Est-ce qu'on peut omettre *QUE* dans la phrase suivante?
"Il est seul parce qu'il évite ses amis et *(QUE)* les autres le détestent."
Merci pour votre aide!


----------



## Piotr Ivanovitch

> Est-ce qu'on peut omettre *QUE* dans la phrase suivante ?


Oui et non :

- Oui, tu peux te dispenser de répéter QUE, mais la phrase est différente et le sens en est modifié => « Il est seul parce qu'il évite ses amis ; par ailleurs, les autres le détestent. » La seconde proposition conjonctive devient une indépendante et le lien de causalité entre  « il est seul » et « les autres le détestent » n'est plus établi.

- Non, parce que ce QUE est mis à la place de « parce que », il le rappelle (en plus court) et on comprend ainsi que « il est seul » est lié à deux causes : il évite ses amis ET les autres le détestent.

Telle que tu nous donnes cette phrase, il y a double causalité, donc le QUE s'impose.


----------



## Maître Capello

Je ne suis pas de cet avis.
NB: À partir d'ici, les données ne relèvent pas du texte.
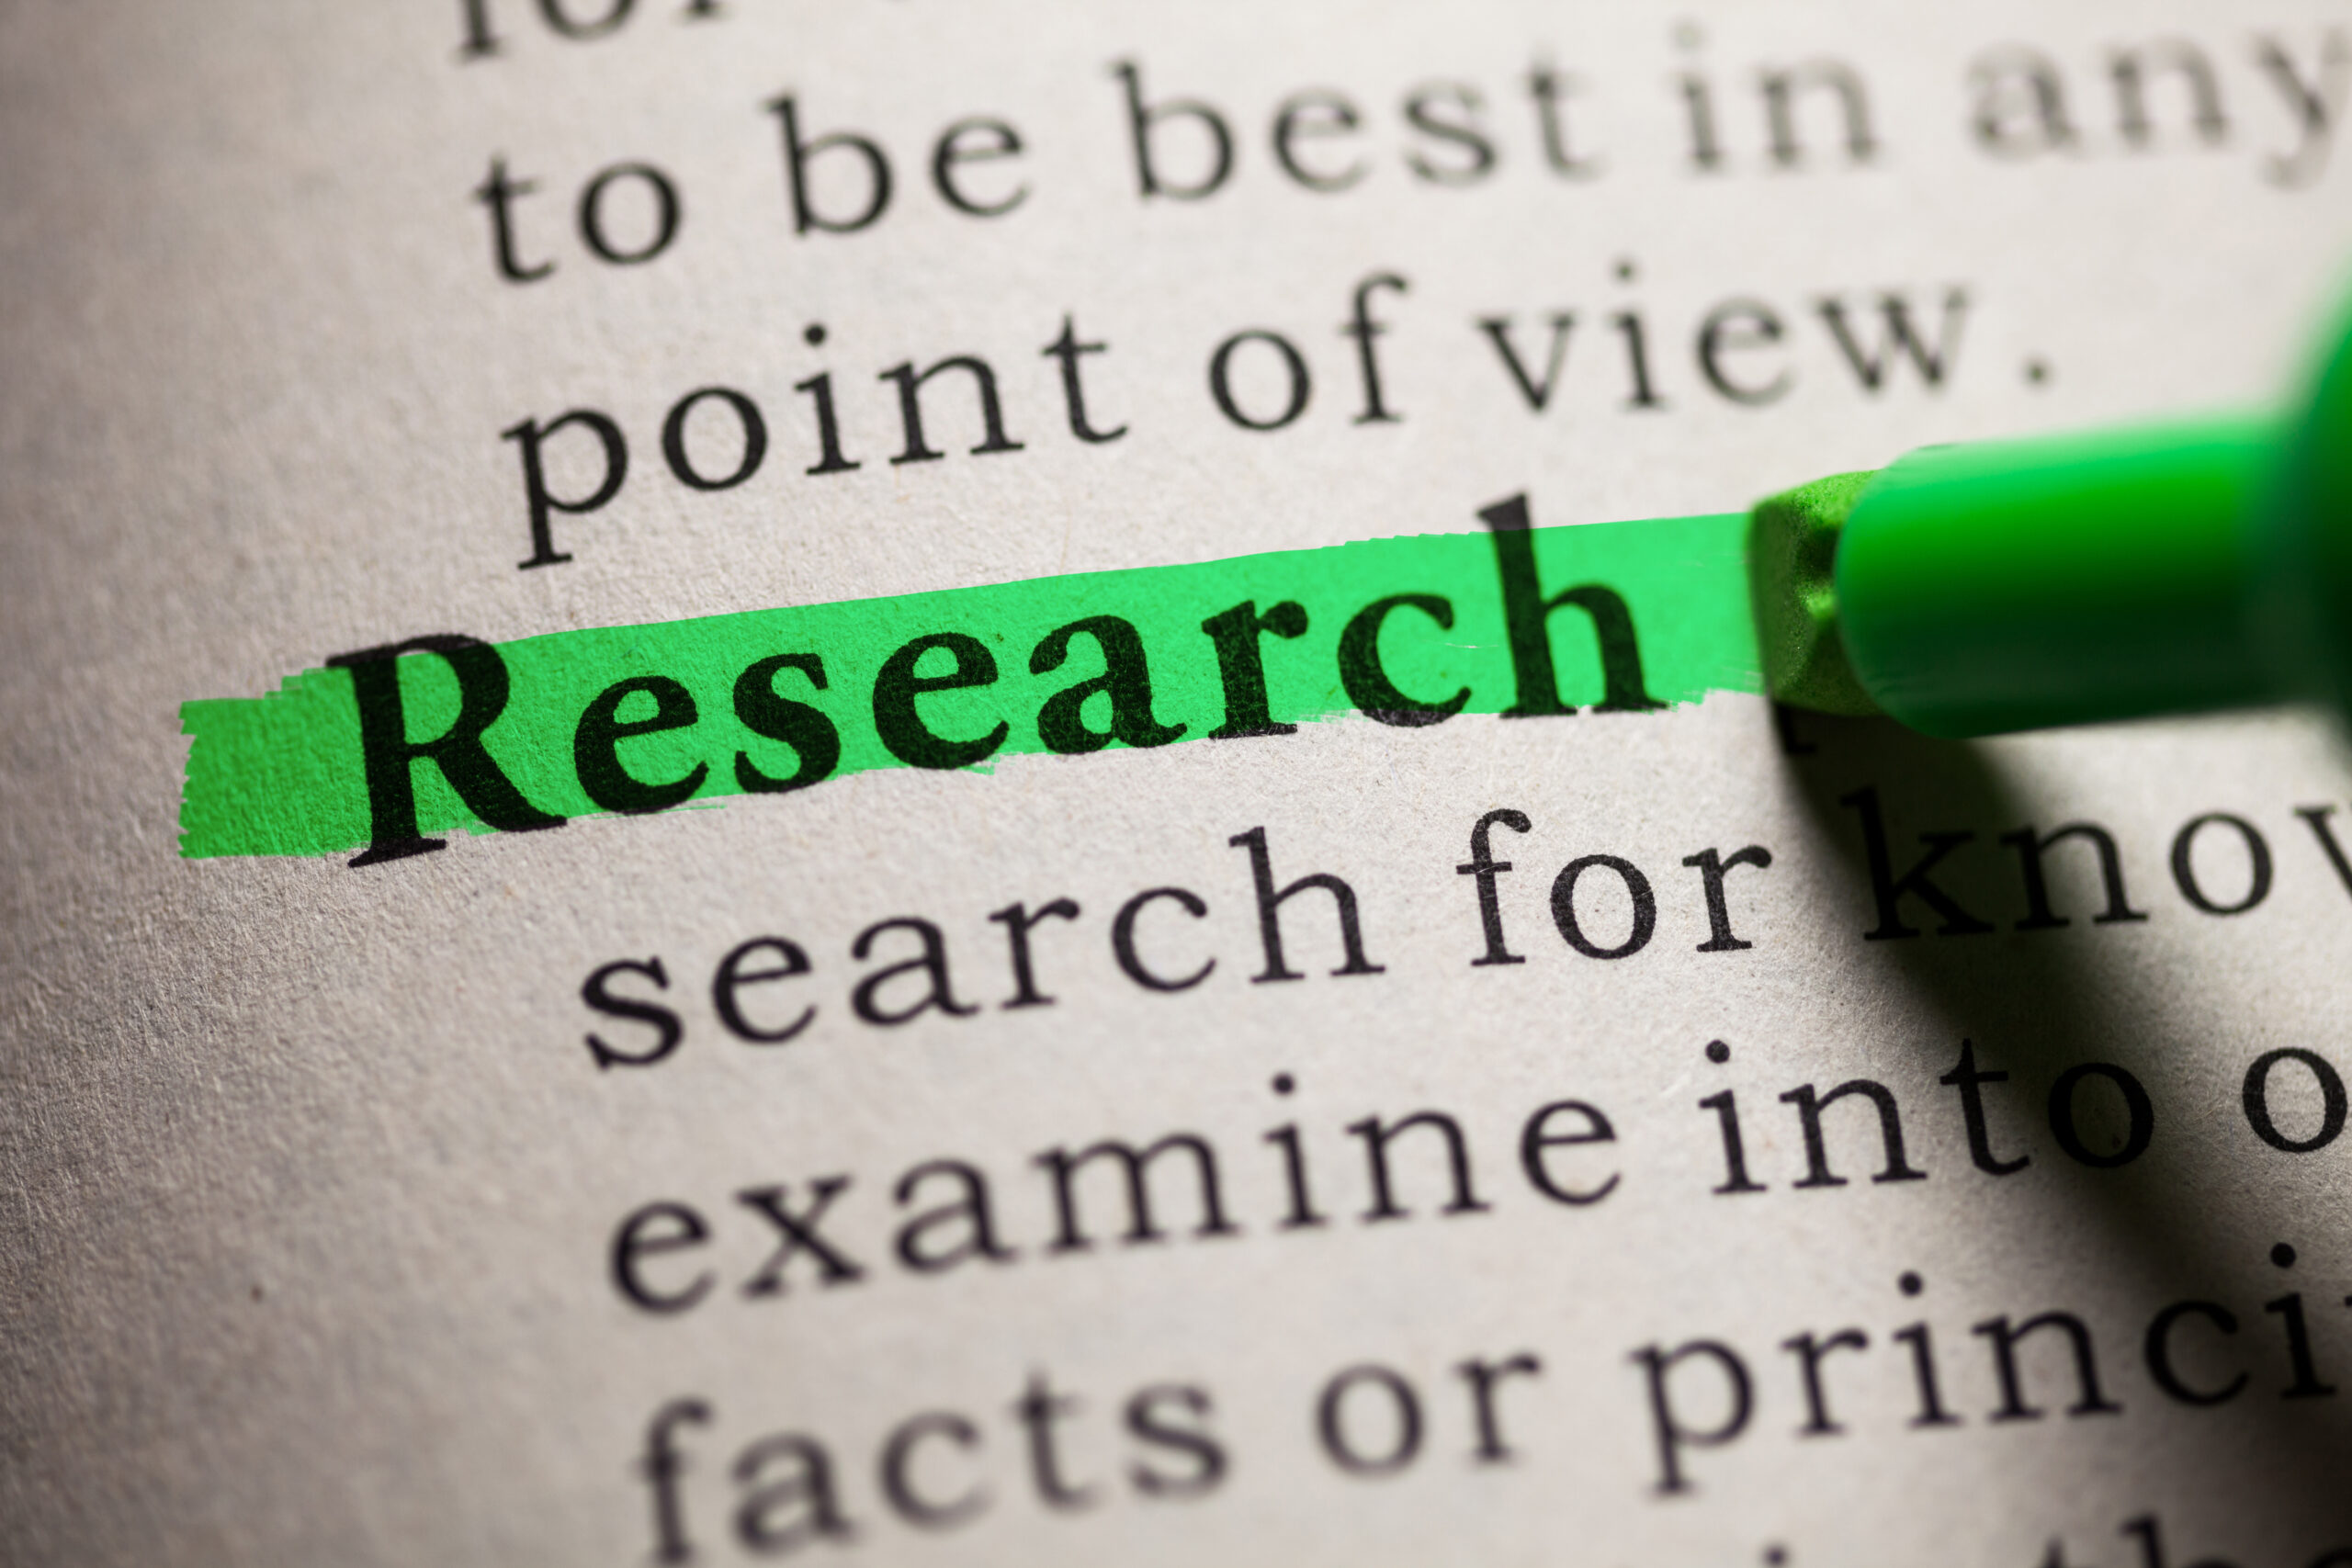 Research-highlighted-in-green-on-page-of-other-unhighlighted-words

La phrase sans répétition du _que_ est pour moi ambiguë en l'absence de tout contexte. Elle *peut* aussi avoir le même sens qu'en répétant _que_. La phrase peut ainsi se découper de deux façons :

_Il est seul {*parce qu'*{il évite ses amis}} *et* ses amis le détestent._
_Il est seul {*parce qu'*{il évite ses amis *et* ses amis le détestent}} = Il est seul {*parce qu'*{il évite ses amis} *et [parce] que* {ses amis le détestent}}._
À l'oral, la différence se fera essentiellement par une certaine pause devant _et_ dans le premier cas.


----------